Whenever a FontFaceSet goes from pending on the environment to not pending on the environment, the user agent must run the following steps:

  1. If the FontFaceSet is stuck on the environment and its [[LoadingFonts]] list is empty, switch the FontFaceSet to loaded.

  2. If the FontFaceSet is stuck on the environment, unmark it as such.

If asked to find the matching font faces from a FontFaceSet source, for a given font string font optionally some sample text text, and optionally an allow system fonts flag, run the following steps:

  1. Parse font using the CSS value syntax of the font property. If a syntax error occurs, return a syntax error.

    If the parsed value is a CSS-wide keyword, return a syntax error.

    Absolutize all relative lengths against the initial values of the corresponding properties. (For example, a relative font weight like bolder is evaluated against the initial value normal.)

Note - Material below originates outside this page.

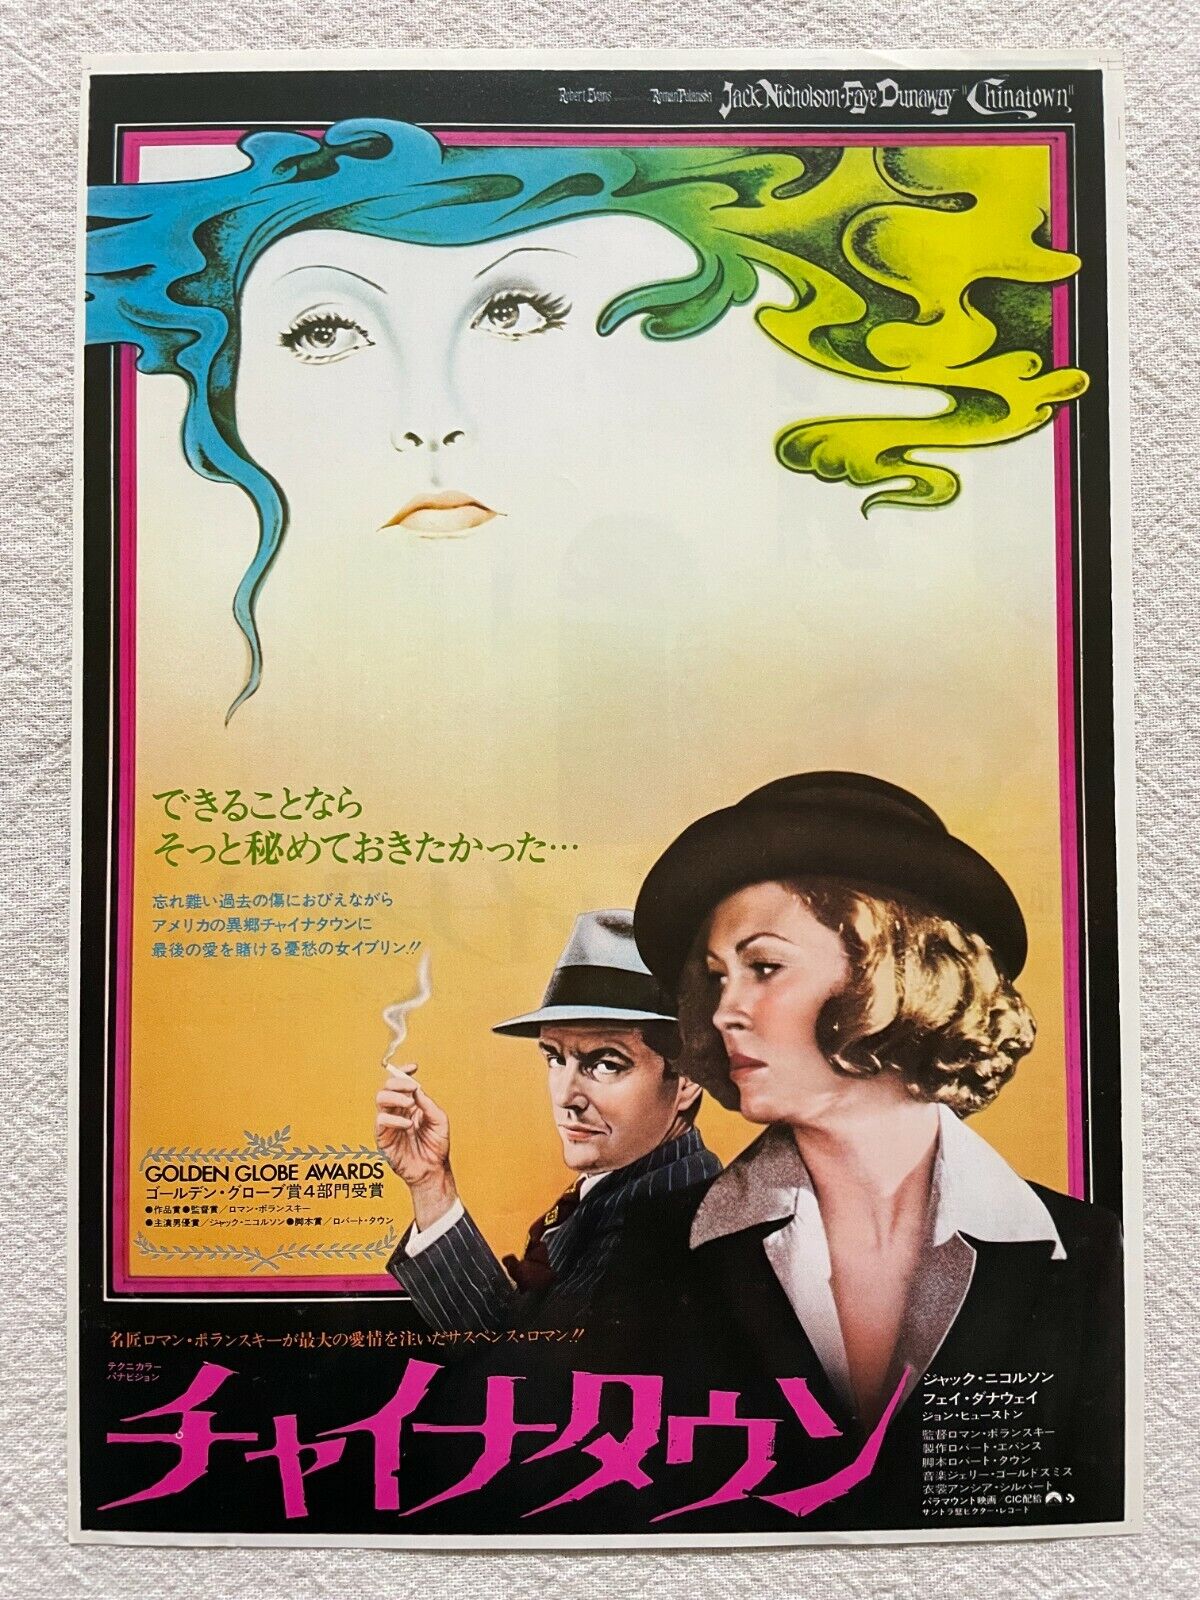 Chinatown San Francisco Mall Jack Nicholson Faye Dunaway 1975 Movie Flyer Japan sold out Chi

  2. If text was not explicitly provided, let it be a string containing a single space character (U+0020 SPACE).
  3. Let font family list be the list of font families parsed from font, and font style be the other font style attributes parsed from font.
  4. Let available font faces be the available font faces within source. If the allow system fonts flag is specified, add all system fonts to available font faces.
  5. Let matched font faces initially be an empty list.
  6. For each family in font family list, use the font matching rules to select the font faces from available font faces that match the font style, and add them to matched font faces. The use of the unicodeRange attribute means that this may be more than just a single font face.
  7. If matched font faces is empty, set the found faces flag to false. Otherwise, set it to true.
  8. For each font face in matched font faces, if its defined unicode-range does not include the codepoint of at least one character in text, remove it from the list.

    Note: Therefore, if text is the empty string, every font will be removed.

  9. Return matched font faces and the found faces flag.

3.2. The load() method

The load() method of FontFaceSet will determine whether all fonts in the given font list have been loaded and are available. If any fonts are downloadable fonts and have not already been loaded, the user agent will initiate the load of each of these fonts. It returns a Promise, which is fulfilled when all of the fonts are loaded and ready to be used, or rejected if any font failed to load properly.

When the load( font, text ) method is called, execute these steps:

  1. Let font face set be the FontFaceSet object this method was called on. Let promise be a newly-created promise object.
  2. Return promise. Complete the rest of these steps asynchronously.
  3. Find the matching font faces from font face set using the font and text arguments passed to the function, and let font face list be the return value (ignoring the found faces flag). If a syntax error was returned, reject promise with a SyntaxError exception and terminate these steps.
  4. Queue a task to run the following steps synchronously:
    1. For all of the font faces in the font face list, call their load() method.
    2. Resolve promise with the result of waiting for all of the [[FontStatusPromise]]s of each font face in the font face list, in order.

3.3. The check() method

The check() method of FontFaceSet will determine whether you can "safely" render some provided text with a particular font list, such that it won’t cause a "font swap" later. If the given text/font combo will render without attempting to use any unloaded or currently-loading fonts, this method will return true; otherwise, it returns false.

Two special cases in this method’s behavior should be noted, as they are non-obvious:

When the check( font, text) method is called, execute these steps:

  1. Let font face set be the FontFaceSet object this method was called on.
  2. Find the matching font faces from font face set using the font and text arguments passed to the function, and including system fonts, and let font face list be the returned list of font faces, and found faces be the returned found faces flag. If a syntax error was returned, throw a SyntaxError exception and terminate these steps.
  3. If font face list is empty, or all fonts in the font face list either have a status attribute of "loaded" or are system fonts, return true. Otherwise, return false.

3.4. The ready attribute

Because the number of fonts loaded depends on the how many fonts are used for a given piece of text, in some cases whether fonts need to be loaded or not may not be known. The ready attribute contains a Promise which is resolved when the document is done loading fonts, which provides a way for authors to avoid having to keep track of which fonts have or haven’t been loaded before examining content which may be affected by loading fonts.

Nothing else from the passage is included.